ECFA has also called for a dedicated Detector R&D Roadmap Panel that organizes the process and will deliver the final roadmap document. Susanne Kuehn, scientific secretary of the panel explains: “The panel is supported by nine task forces organized by topics with a special focus on technologies that need further development to exploit the physics opportunities of future machines”. Six of the task forces focus on detector technologies including gaseous detectors, liquid detectors, solid state detectors, photon and particle identification detectors, calorimetry and quantum & emerging technologies [see also previous EP article: [CERN’s launches Quantum Technology Initiative]. The other three task forces concern the related cross-cutting areas of electronics, integration and training for the next generation of detector technologies experts.

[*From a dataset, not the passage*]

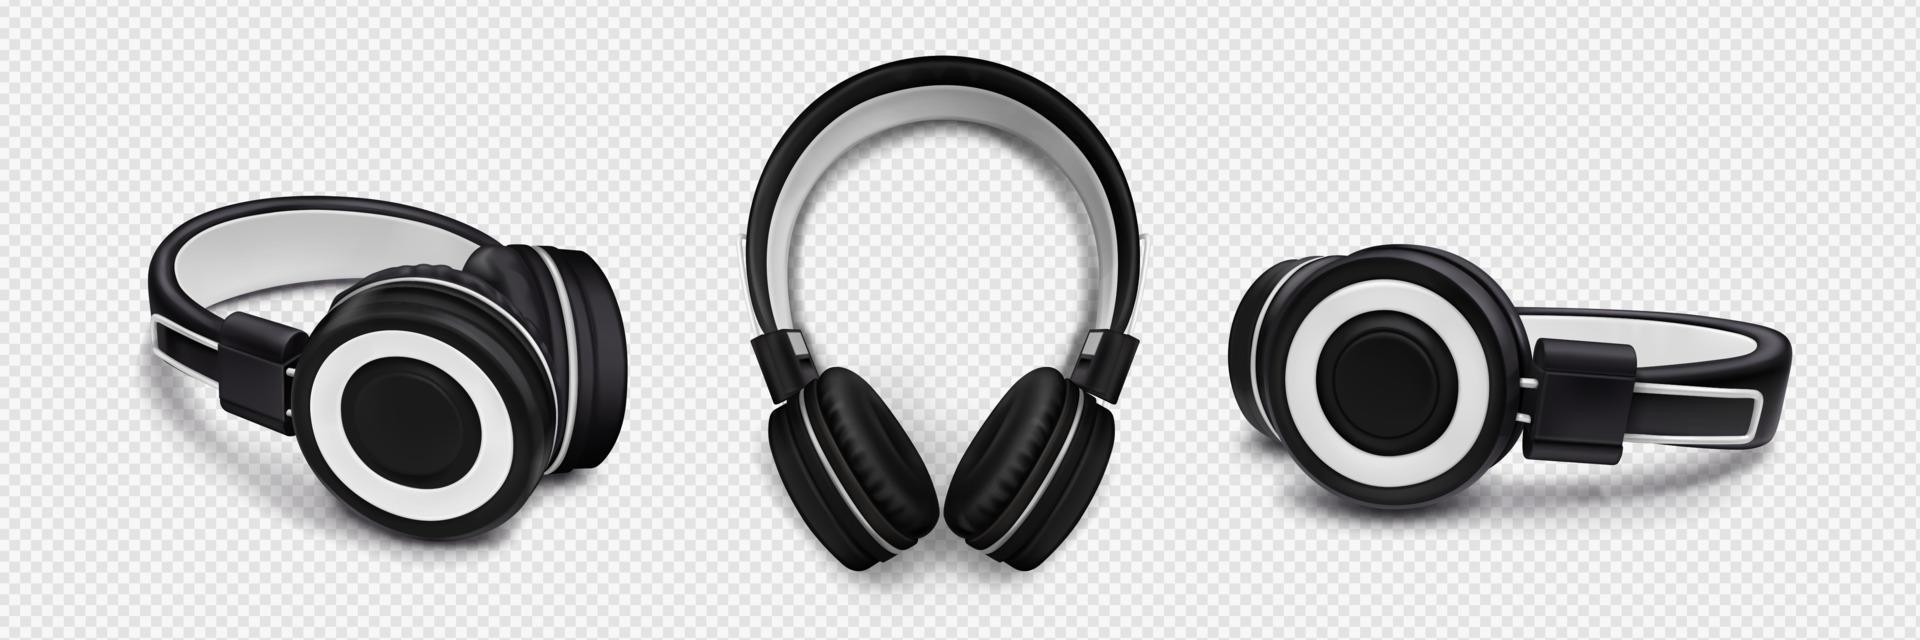 auriculares para escuchar música, sonido estéreo, audio vector

Kuehn notes that “In addition we strive for collaboration with other fields/disciplines to profit from synergies in these developments. Currently an advisory panel includes experts from APPEC, ESA, LEAPS, LENS, and NuPECC .”
Following the consultation with the different communities involved in each of these task forces, the Roadmap panel is preparing a strategy document that will be shared as a draft with ECFA, followed by the strategy being presented during the Joint ECFA-EPS session at the EPS-HEP conference before the final document is submitted to ECFA for endorsement and publication to CERN’s Council towards the end of the year, see also the schematic below. Kuehn adds that time-wise the process is rather challenging and the goal is to have a first draft of the roadmap ready by the beginning of July open for further consultation and revisions with the involved stakeholders from ECFA and national contacts. “This would allow public presentation of the roadmap strategy at the end of July during a dedicated ECFA-EPS session, further community feedback and a smooth submission to ECFA and CERN’s Council by December 2021”. The process so far has gathered a lot of attention and broad engagement from the wider scientific community, research centres, academia and labs through a number of input mechanisms.
Overview of the ECFA Detector R&D Roadmap Process.
One of the factors testifying to the success of the adopted approach is the structured and diverse approach of the proposed activities. Kuehn points that through this process the task forces are also looking for synergies that can be developed between different facilities in Europe and elsewhere around the world, “think for example of the requirement for high-precision timing which is key for the upgrades of the LHC and future colliders as well as for other facilities”. According to Kuehn, “the group actively works to visualize the guidelines that clearly map these synergies and the milestones towards which we need to work”. Secondly, a key element for advancing with the instrumentation R&D efforts is the high level of attendance at the symposia with more than 1300 registered participants covering all the different technologies required for experiments at colliders, dark matter searches, neutrino facilities, experiments focusing on rare decay processes as well as test and irradiation facilities around Europe.
Finally, Kuehn reminds us of the importance of the pillar of training that is integrated in the development of any future R&D effort. “We not only need to develop certain technologies but also ensure that we train the people and teams who will be in place over the long timescales foreseen for these infrastructure programmes. Giving value in the training of our people not only ensures intergenerational succession but also allows for an in depth cross-fertilization of technologies between different fields”.
 APPEC: Astro-Particle Physics European Consortium; ESA: European Space Agency; LEAPS: League of European Accelerator-based Photon Sources: LENS: League of advanced European Neutron Sources and NuPECC: Nuclear Physics European Collaboration Committee”